Octubre 3, 11h noche.

DIARIO.- He tenido un momento de satisfacción: paseando por el Retiro, he experimentado aquel dulce bienestar que regala la contemplación del campo. He vuelto a sentir el prestigio de la naturaleza. No soñaba despierto, no divagaba, y el mundo de las plantas y el mundo de los astros de la noche me han encantado como siempre que no hay entre ellos, y yo el obstáculo de una preocupación, de un desvarío. Soy lo que siempre, incapaz de una resolución definitiva. Había dejado de pensar en mi ida al campo, y he vuelto a pensar en ella, y estoy pensando.

He estudiado. Además de atención, me falta memoria. No obstante, el trabajo ha sido concienzudo.

CUENTAS.- He ido al café: he gastado:

CaféRs. 12
A un ciego2

Aquello fue una flaqueza; esto fue una protesta. Al ciego lo despedía de la acera pública, por falta de licencia para mendigar, un municipal.

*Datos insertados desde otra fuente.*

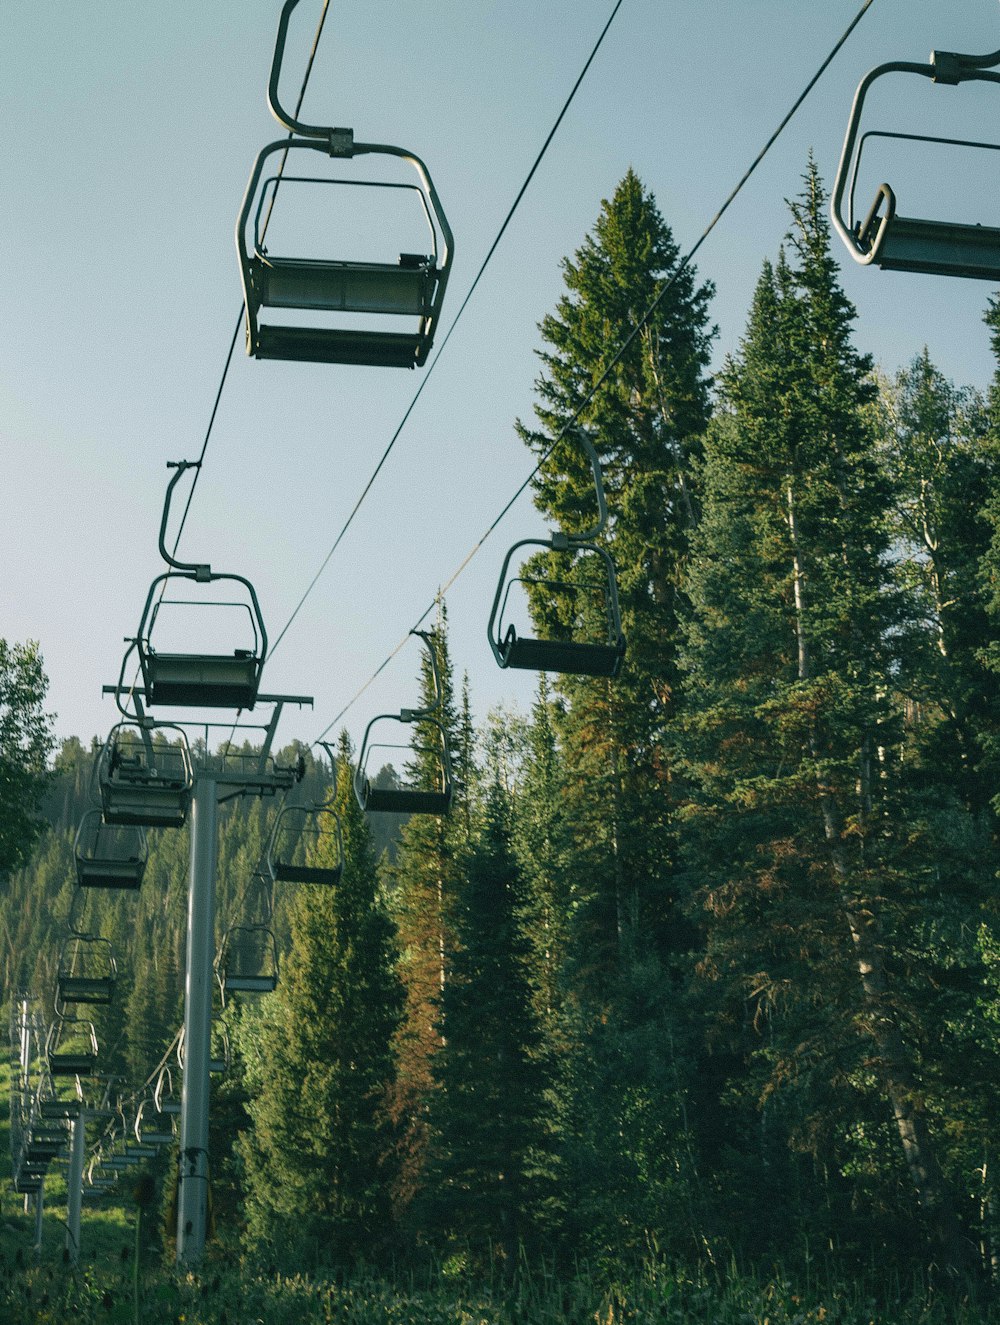 a group of people riding a ski lift over a forest

Conservar las recetas de los médicos; tener presente el valor de las medicinas; comparar el valor de los dolores corporales que se curan con los morales incurables, es un extraño estudio, cuyas bases echo desde hoy, anotando aquí el valor de los medicamentos que he tenido que deglutir para salvarme de una enfermedad molesta.

Hidroclorato de morfinaRs. 6
Asa fétida5
Aceite de palmera6

¡Diez y siete reales, sin contar las visitas del médico y las cuentas galanas que estará gozosamente preparando la hostelera! Pues, señor; más economiza la salud. No, diablo, los catorce cuartos de excesos en el café fueron la causa de mi enfermedad.



Octubre 5, 9½h noche.

RESUMEN.- El estremecimiento de rápida alegría que al cerrar el libro, me ha producido la esperanza de hacerme agradable el estudio, es una de las agradables sensaciones del día.

También fue de esperanza la más grata que esta mañana experimenté. Habíame el médico consentido levantarme de la cama, y al aproximarse la hora me estremecía gratamente esperándola. Y a la verdad que si no lo explicara nuestra cobardía, no lograría explicarme cómo, cuando enfermamos, es tan vivo nuestro deseo de ponernos en activo contacto con la vida, estando ésta tan llena de quebrantos. Apenas dejé el lecho y salí a la calle, volvió a pesar sobre mí la nube de obligaciones que por todas partes me rodea, y el recuerdo de ellas, y la vuelta a pensar cómo cumplirlas, y las pequeñeces que me descontentan, y las leves flaquezas que me desaniman, me pusieron triste. Si del cólico me habían curado el hidroclorato, la asa fétida y el aceite de palmera, de la forzosa estrechez de espíritu de que adolezco no me cura nada.

Ya propósito de cólico, maravíllame la extraña fortaleza de mi organismo, que hasta ahora no se había postrado a los ataques de un mal que la naturaleza y mi negligencia hacían irrechazable.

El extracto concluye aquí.